Online images have shown female police officers, clad in all-black chadors, berating and arresting women whose heads were uncovered. AFP could not independently verify the authenticity of the images.

The dress code has been in place since the aftermath of the Islamic revolution of 1979. Offenders face fines or prison terms of up to two months.

But Iran’s reformist newspaper Shargh reported on Sunday that four women have received additional punishment including attending “psychological classes”, and driving bans.

During the months of protest, which Tehran generally labelled as foreign-instigated “riots”, thousands of Iranians were arrested and hundreds killed including dozens of security personnel.

Iran’s conservatives, who dominate the country’s parliament and leadership, have passionately defended the dress code but, with many Iranians demanding change, in May the judiciary and the government proposed a “Support for the Culture of Hijab and Chastity” bill, which sparked heated debate within the country.

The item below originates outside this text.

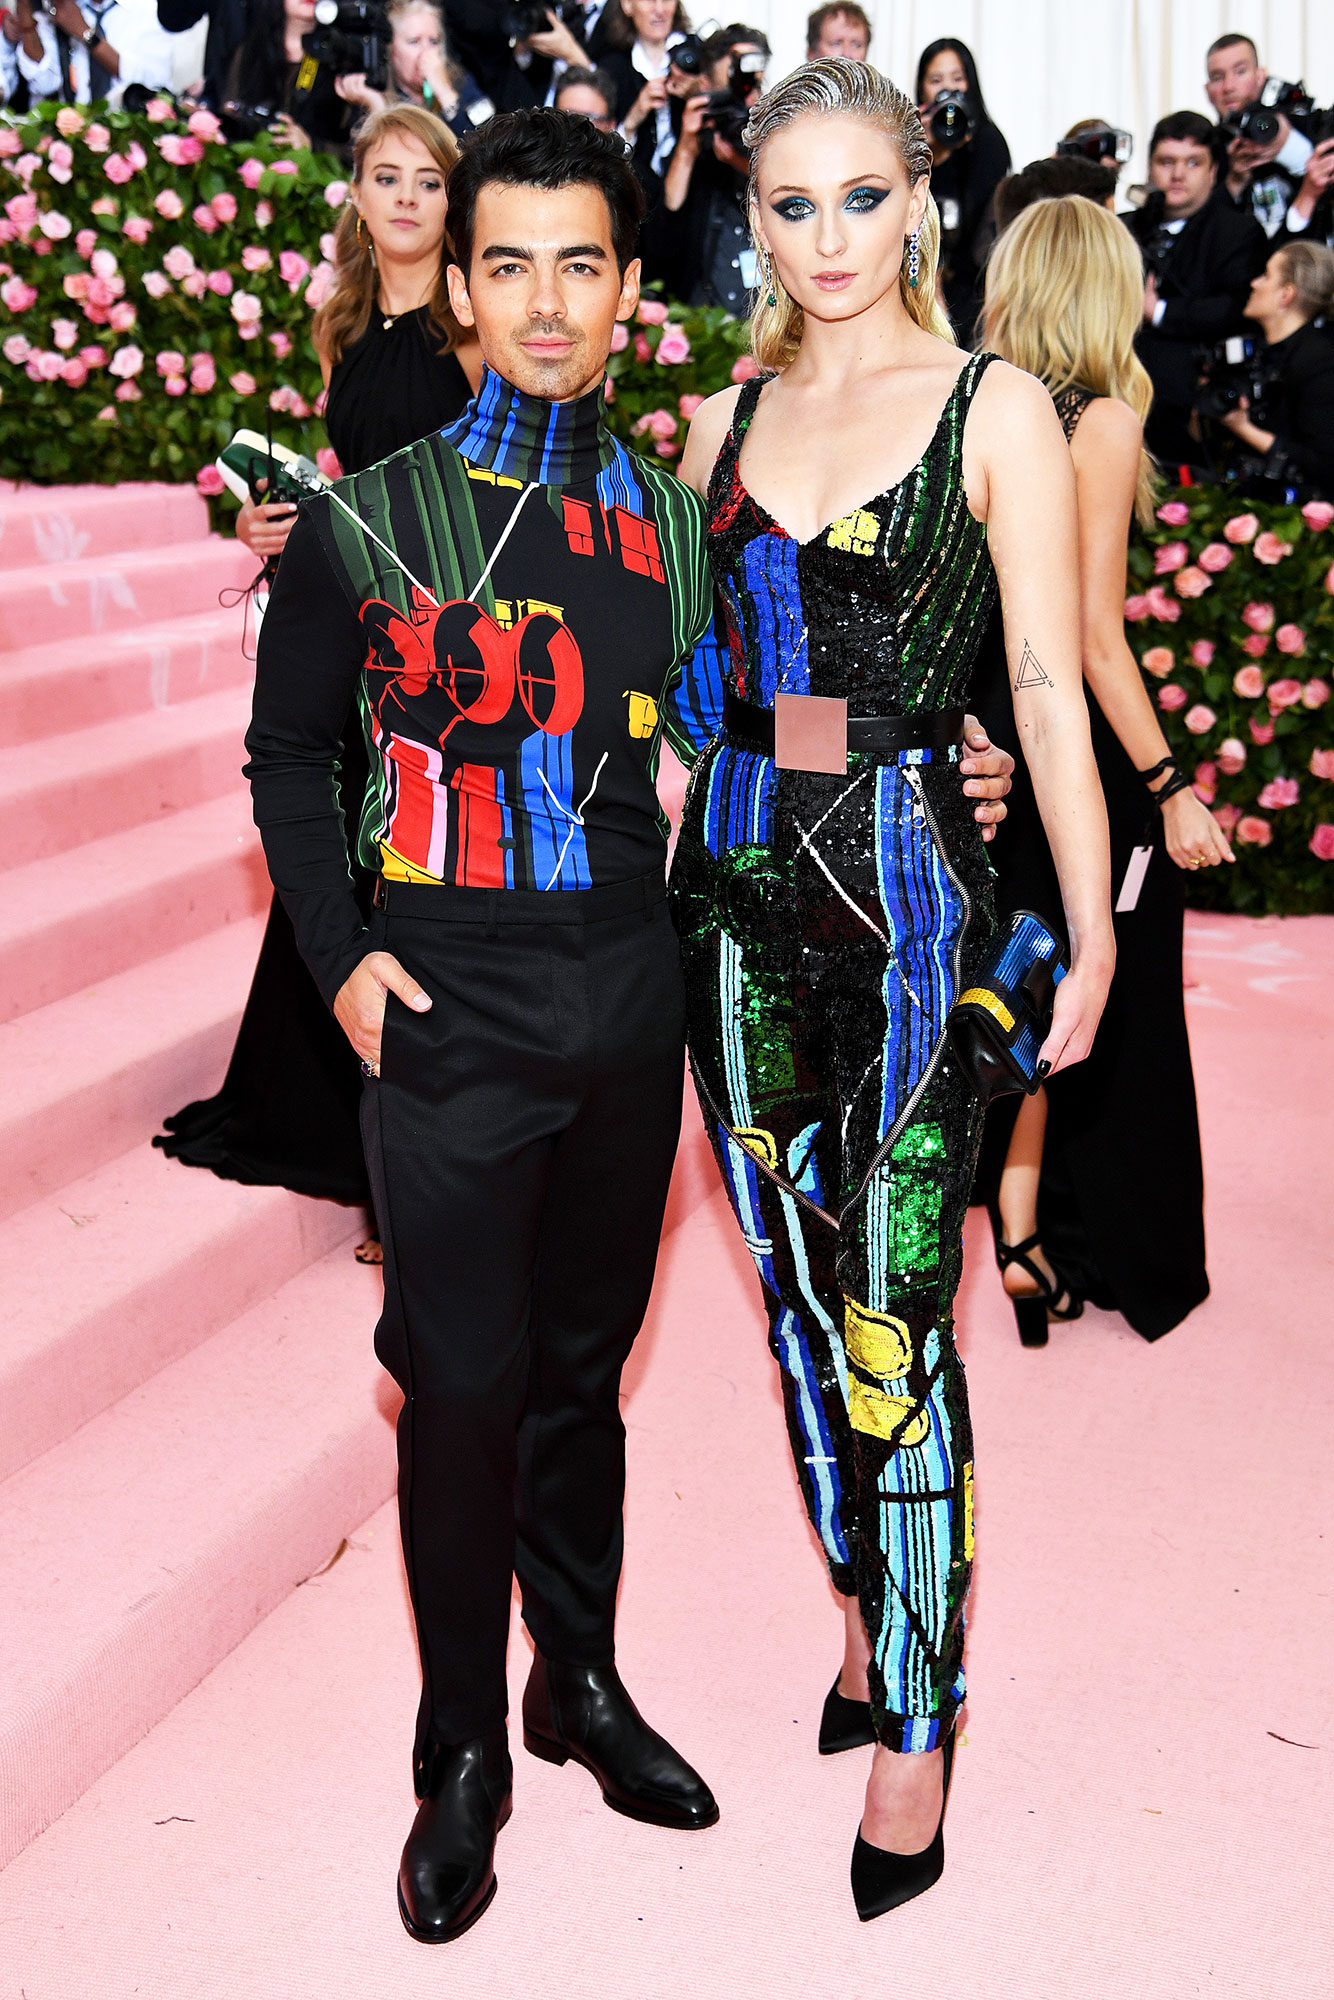 Joe Jonas and Sophie Turner met gala 2019 couples - Fresh off their surprise Las Vegas nuptials, the newlyweds matched in geometric-print Louis Vuitton looks.

The text proposes increased fines for “any person removing their veil in public places or on the internet” but withdraws the threat of a prison sentence.

Within Iran’s leadership “there is no consensus on the hijab”, as some favour repression, while others “believe that other means must be tried”, sociologist Abbas Abdi has said.

The United States, Britain and the European Union have imposed several rounds of sanctions on Iran over its response to the protest movement.